Model Comparison and Evaluation

Comprehensive Comparison Framework

class TimeSeriesModelComparison:
    """Comprehensive time series model comparison"""
    
    def __init__(self, random_state: int = 42):
        self.random_state = random_state
    
    def evaluate_forecasting_performance(self, actual: np.ndarray, predicted: np.ndarray) -> Dict:
        """Calculate comprehensive forecasting metrics"""
        
        # Remove any NaN values
        mask = ~(np.isnan(actual) | np.isnan(predicted))
        actual_clean = actual[mask]
        predicted_clean = predicted[mask]
        
        if len(actual_clean) == 0:
            return {'error': 'No valid data points for evaluation'}
        
        # Basic metrics
        mse = mean_squared_error(actual_clean, predicted_clean)
        rmse = np.sqrt(mse)
        mae = mean_absolute_error(actual_clean, predicted_clean)
        
        # Percentage errors
        mape = np.mean(np.abs((actual_clean - predicted_clean) / actual_clean)) * 100
        
        # Symmetric metrics
        smape = np.mean(2 * np.abs(predicted_clean - actual_clean) / 
                       (np.abs(actual_clean) + np.abs(predicted_clean))) * 100
        
        # R-squared
        r2 = r2_score(actual_clean, predicted_clean)
        
        return {
            'mse': mse,
            'rmse': rmse,
            'mae': mae,
            'mape': mape,
            'smape': smape,
            'r2': r2,
            'n_points': len(actual_clean)
        }
    
    def compare_models(self, series: np.ndarray, dates: pd.DatetimeIndex = None) -> Dict:
        """Compare different time series models"""
        
        models = {}
        
        # Split data
        train_size = int(len(series) * 0.8)
        train_data = series[:train_size]
        test_data = series[train_size:]
        
        print(f"Comparing models on {len(train_data)} training and {len(test_data)} test points...")
        
        # 1. Naive forecast (last value)
        naive_pred = np.full(len(test_data), train_data[-1])
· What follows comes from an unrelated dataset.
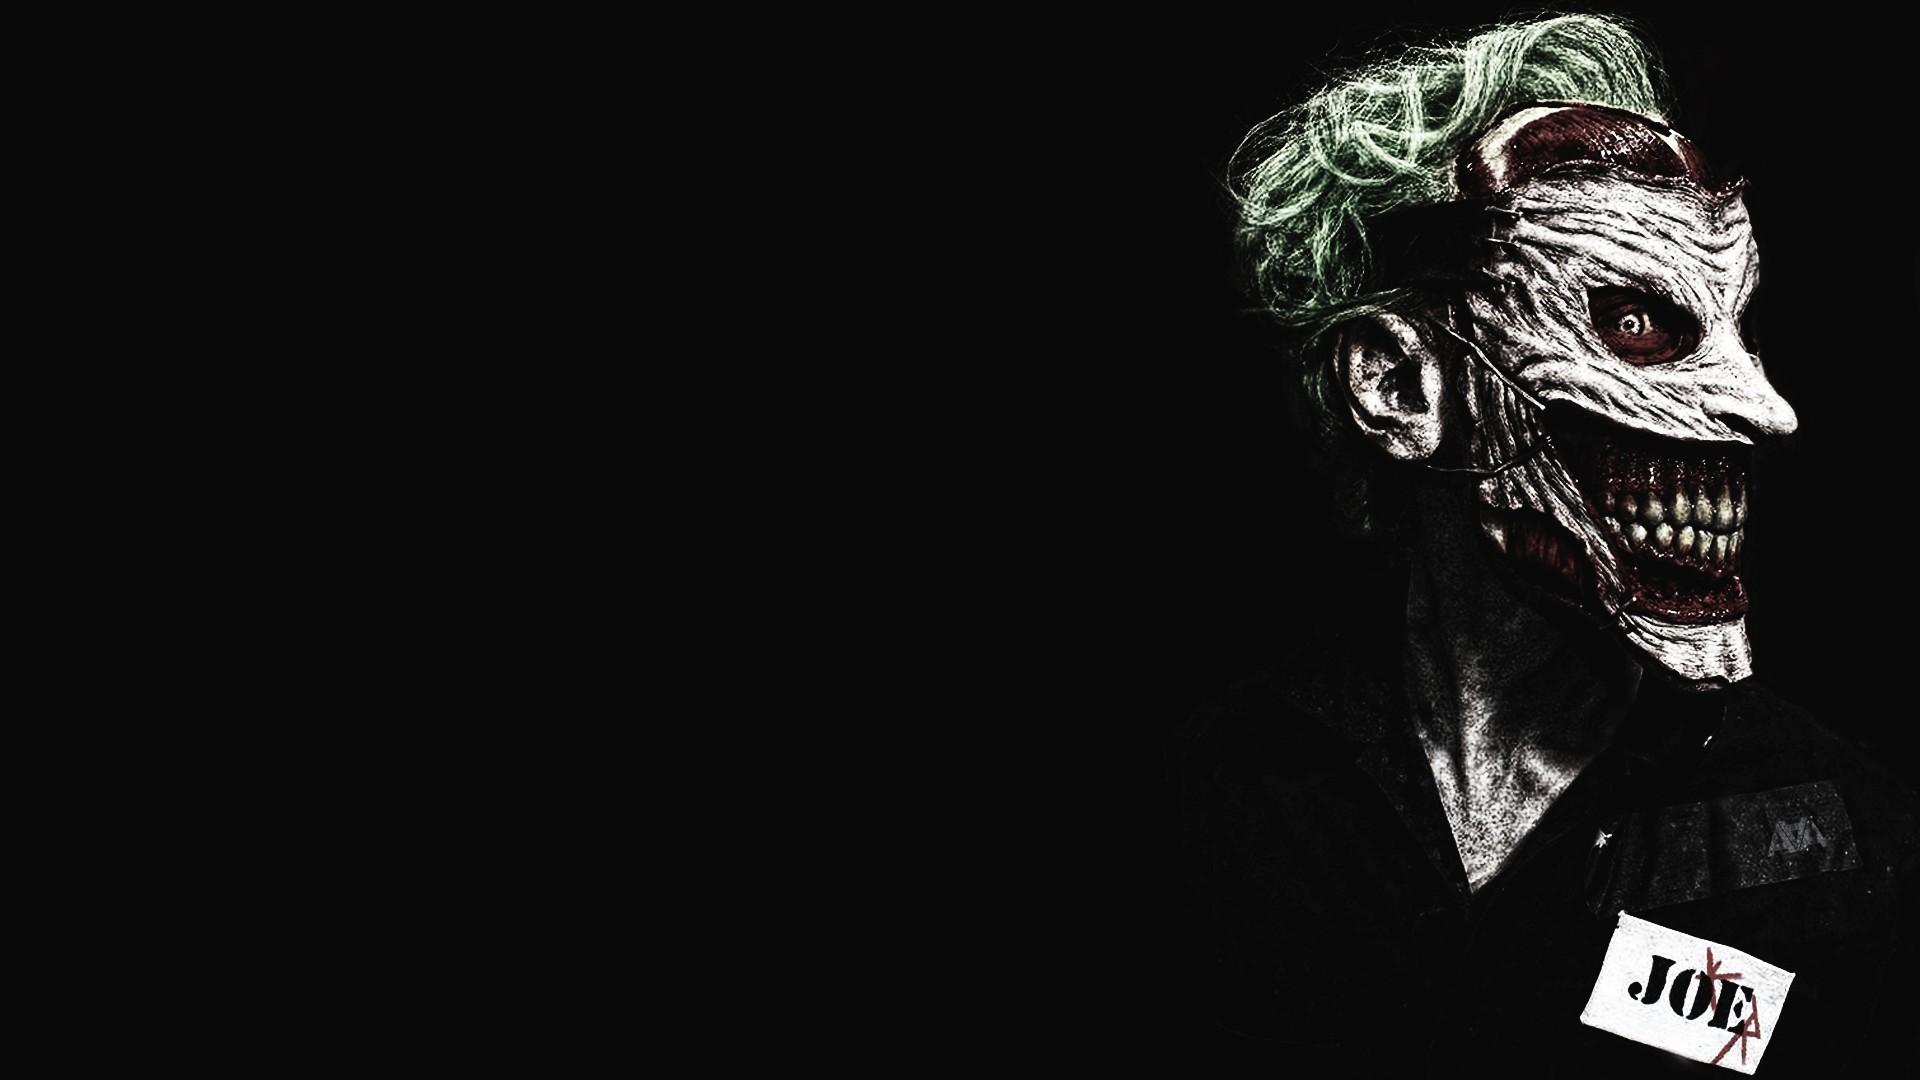 Heath Ledger Joker Wallpaper background picture

        naive_metrics = self.evaluate_forecasting_performance(test_data, naive_pred)
        models['Naive'] = {
            'predictions': naive_pred,
            'metrics': naive_metrics,
            'description': 'Last value carried forward'
        }
        
        # 2. Linear trend
        x_train = np.arange(len(train_data))
        slope, intercept = np.polyfit(x_train, train_data, 1)
        
        x_test = np.arange(len(train_data), len(train_data) + len(test_data))
        trend_pred = slope * x_test + intercept
        trend_metrics = self.evaluate_forecasting_performance(test_data, trend_pred)
        models['Linear Trend'] = {
            'predictions': trend_pred,
            'metrics': trend_metrics,
            'description': 'Linear trend extrapolation'
        }
        
        # 3. Moving average
        window_size = min(30, len(train_data) // 4)
        ma_pred = np.full(len(test_data), np.mean(train_data[-window_size:]))
        ma_metrics = self.evaluate_forecasting_performance(test_data, ma_pred)
        models['Moving Average'] = {
            'predictions': ma_pred,
            'metrics': ma_metrics,
            'description': f'{window_size}-period moving average'
        }
        
        # 4. Seasonal naive (if enough data)
        if len(train_data) >= 365:
            seasonal_period = 365  # Assume daily data with yearly seasonality
            seasonal_pred = []
            for i in range(len(test_data)):
                seasonal_idx = (len(train_data) + i) % seasonal_period
                if seasonal_idx < len(train_data):
                    seasonal_pred.append(train_data[seasonal_idx])
                else:
                    seasonal_pred.append(train_data[-1])  # Fallback
            
            seasonal_pred = np.array(seasonal_pred)
            seasonal_metrics = self.evaluate_forecasting_performance(test_data, seasonal_pred)
            models['Seasonal Naive'] = {
                'predictions': seasonal_pred,
                'metrics': seasonal_metrics,
                'description': f'Seasonal pattern (period={seasonal_period})'
            }
        
        # 5. Random Forest (using lagged features)
        try:
            lag_features = self._create_lag_features(series, lags=[1, 2, 3, 7, 30])
            if lag_features is not None:
                rf_pred = self._train_random_forest(lag_features, series, train_size)
                if rf_pred is not None:
                    rf_metrics = self.evaluate_forecasting_performance(test_data, rf_pred)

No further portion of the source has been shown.